Extracted records

◆ ◆ ◆

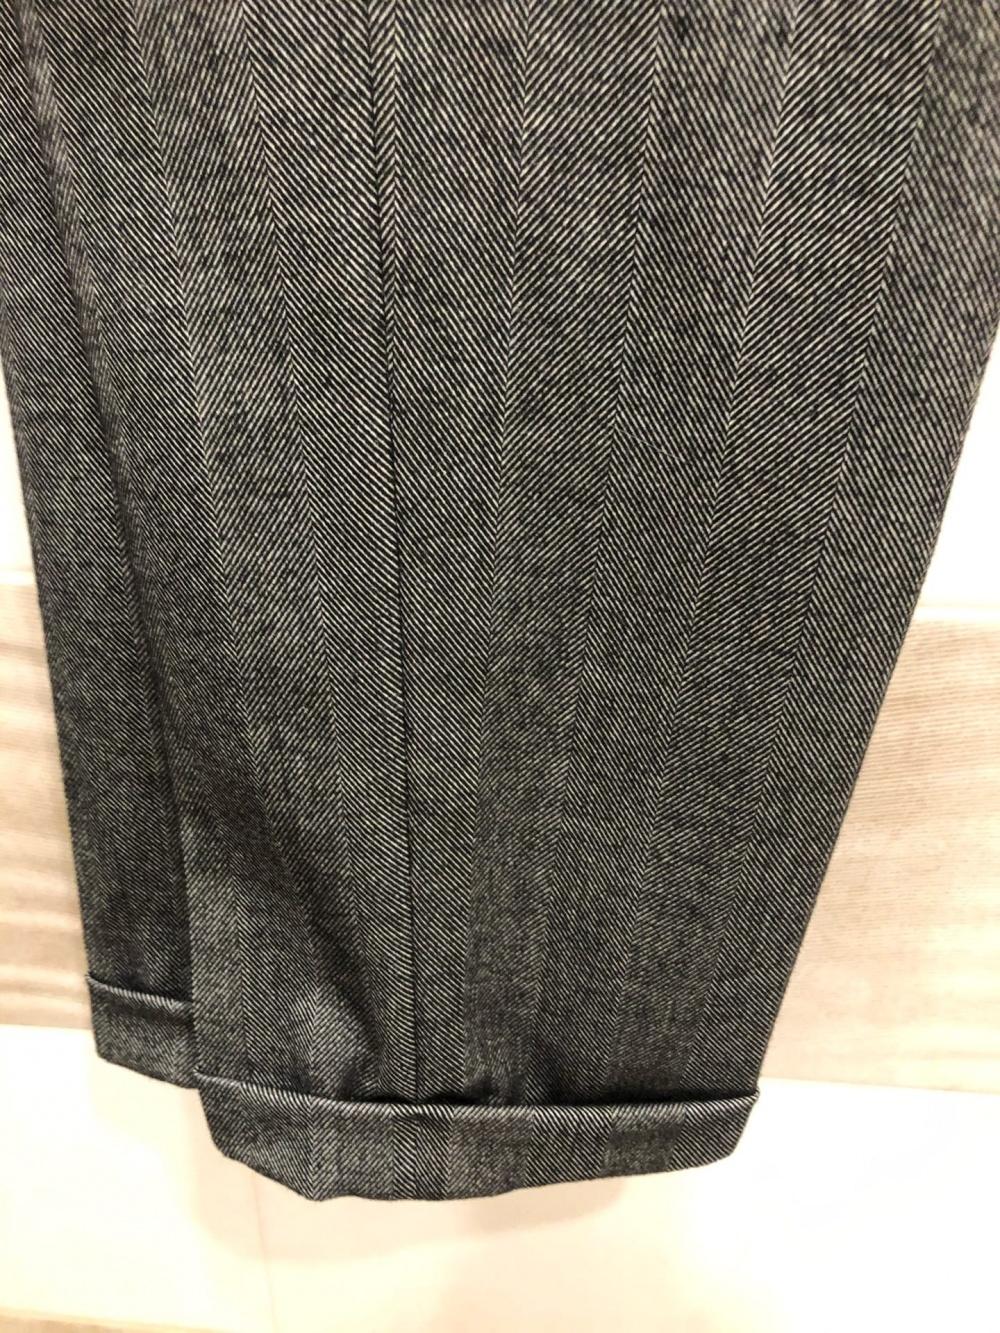 Шерстяные брюки  Marc O'Polo.Размер L-XL.
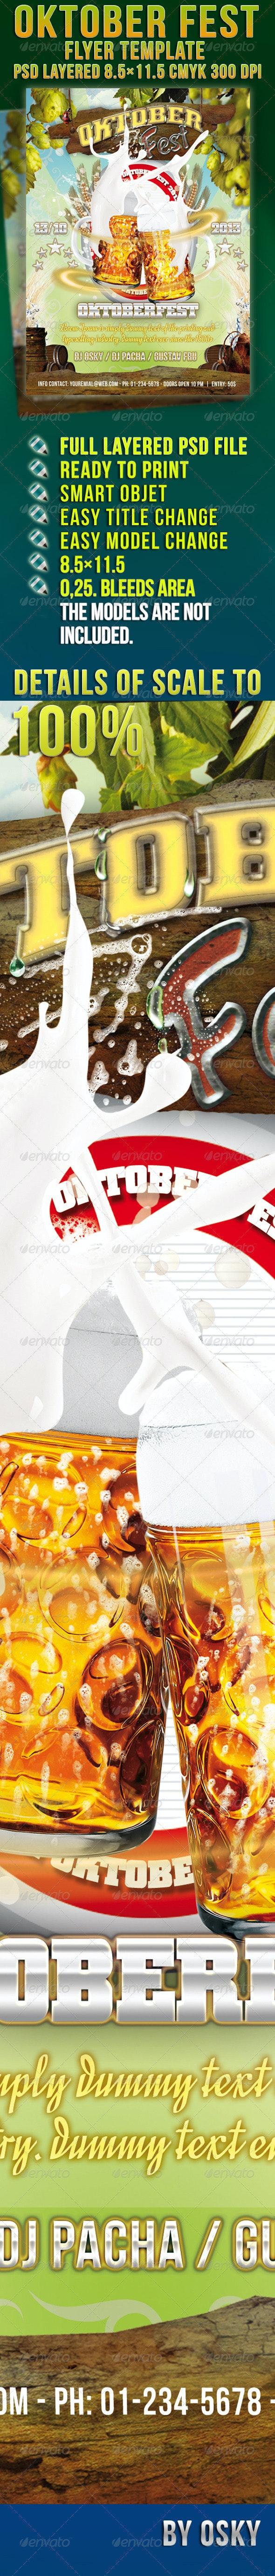 Oktober Fest Flyer - Clubs & Parties Events
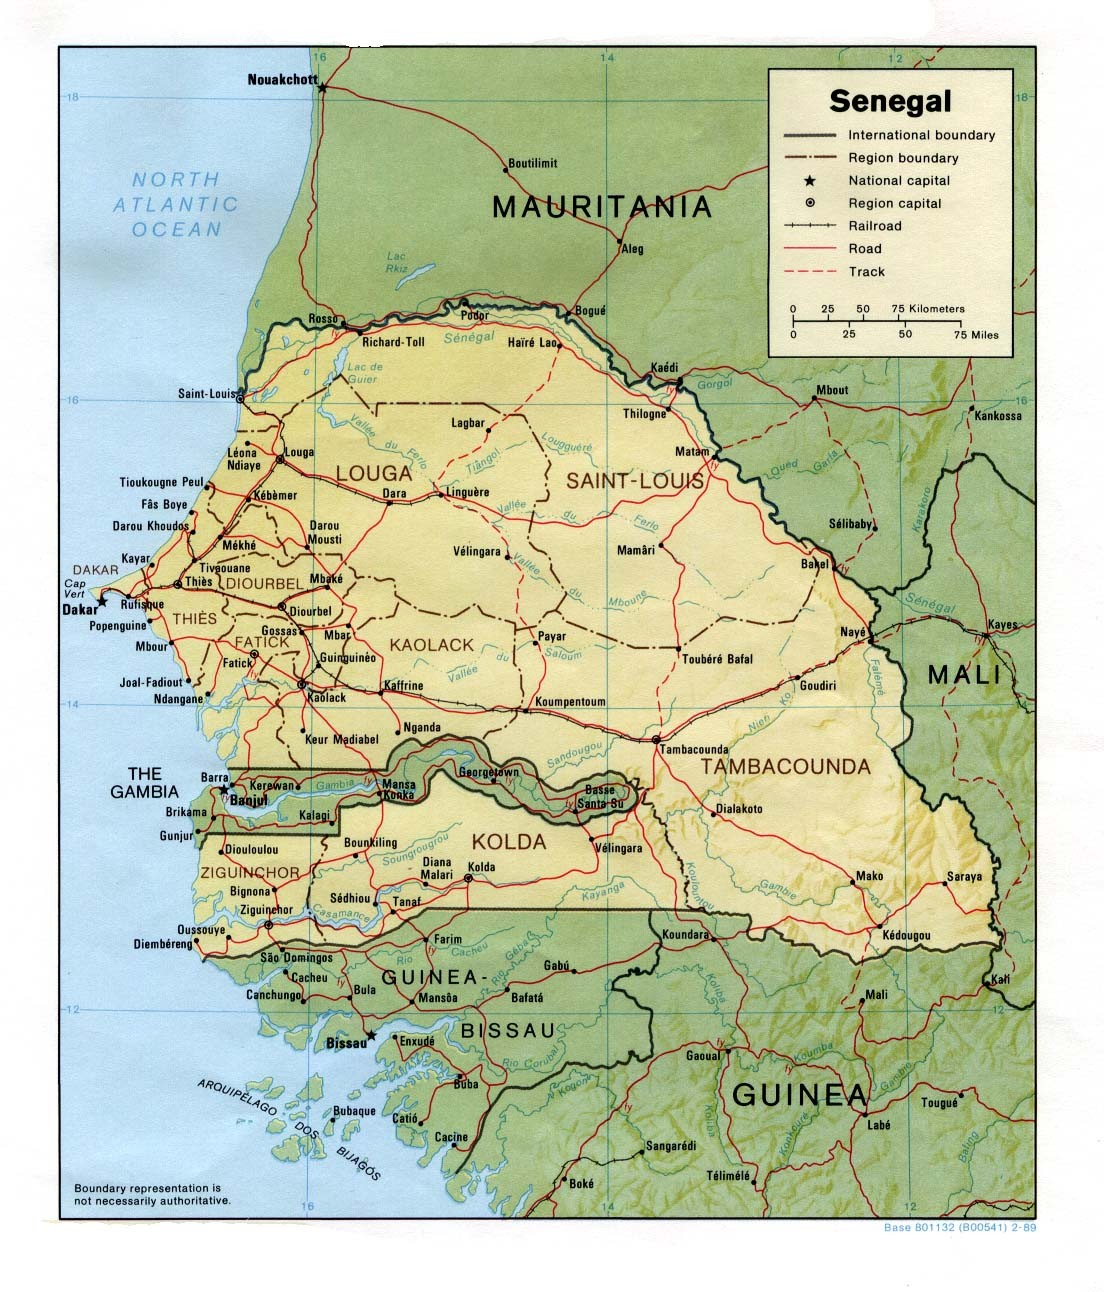 Senegal - General Information
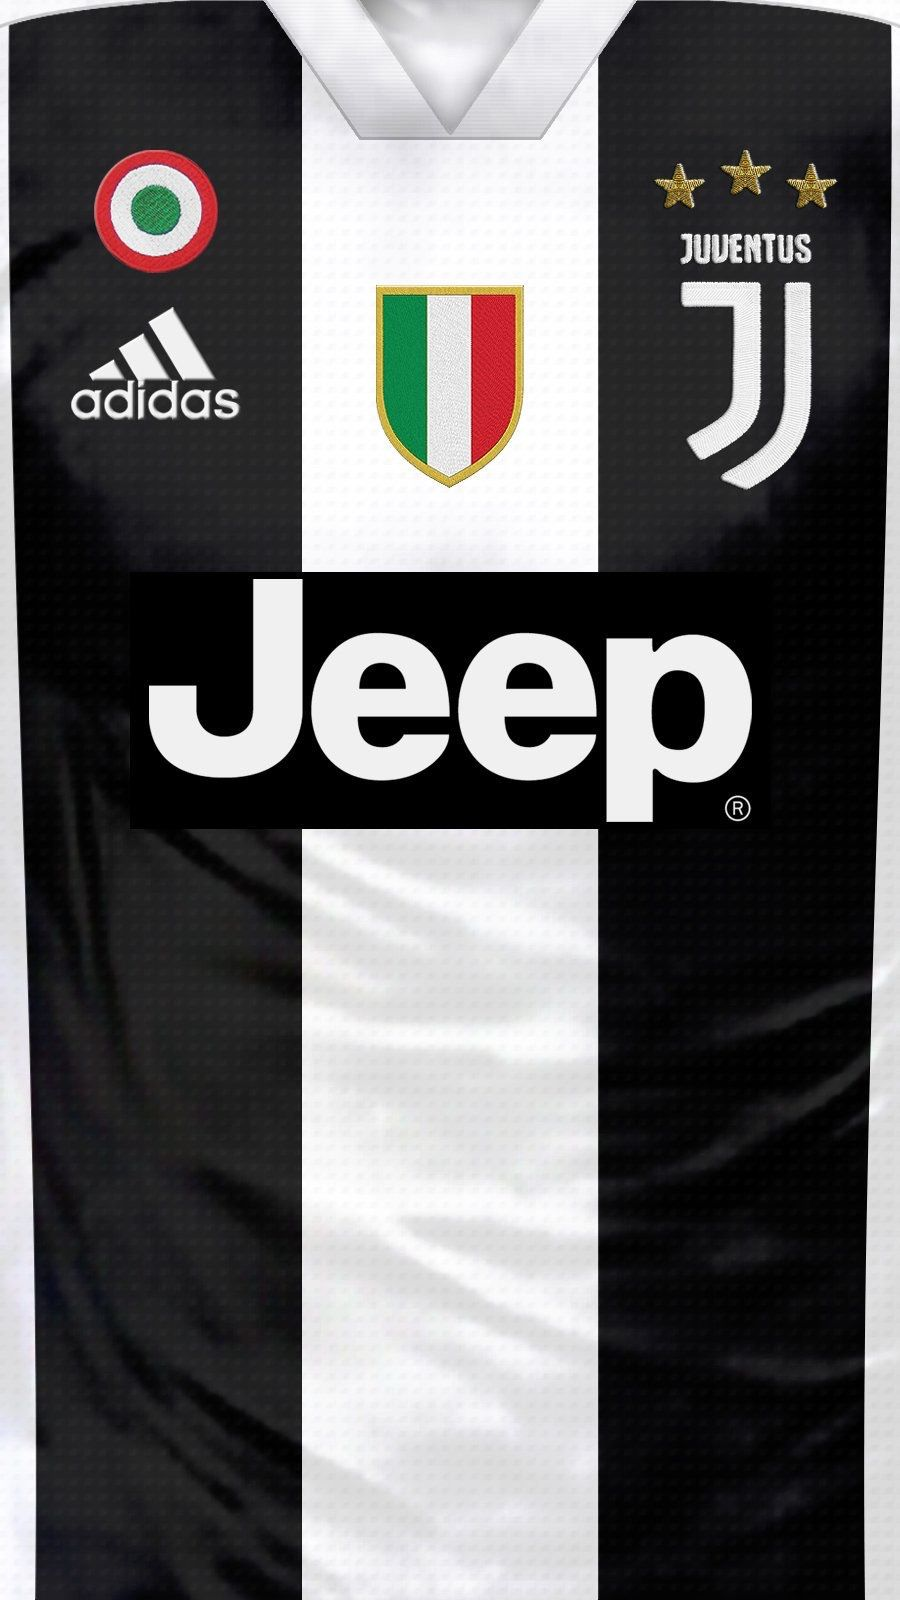 Populer Cr7 Wallpaper 2019 2020 Juventus Paperbola
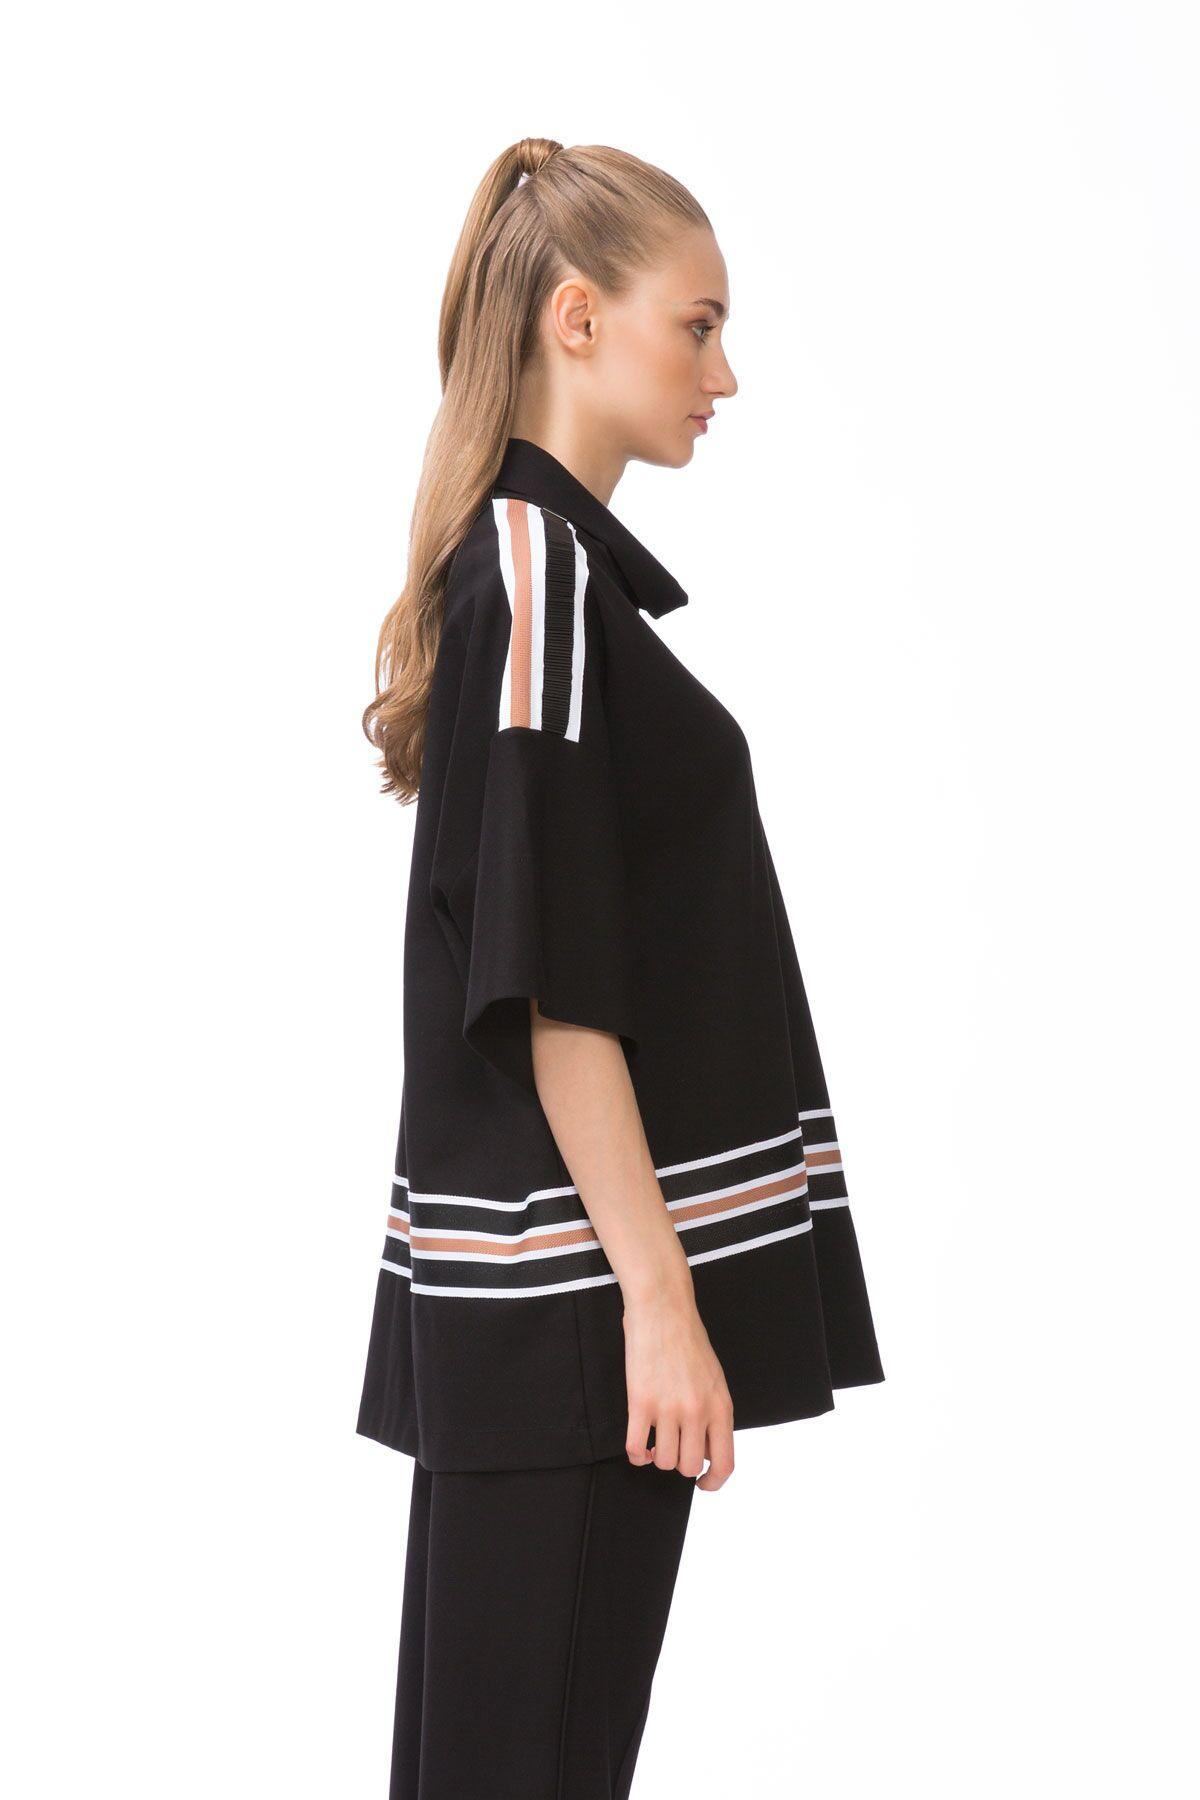 Stripe Detail Oversized Black Sport Top

◆ ◆ ◆

Exercise objective —
From the line with "Senegal - General Information" down to the last line of the entries above, set down every line exactly, apart from the pictures.

Answer space —
 Senegal - General Information
 Populer Cr7 Wallpaper 2019 2020 Juventus Paperbola
 Stripe Detail Oversized Black Sport Top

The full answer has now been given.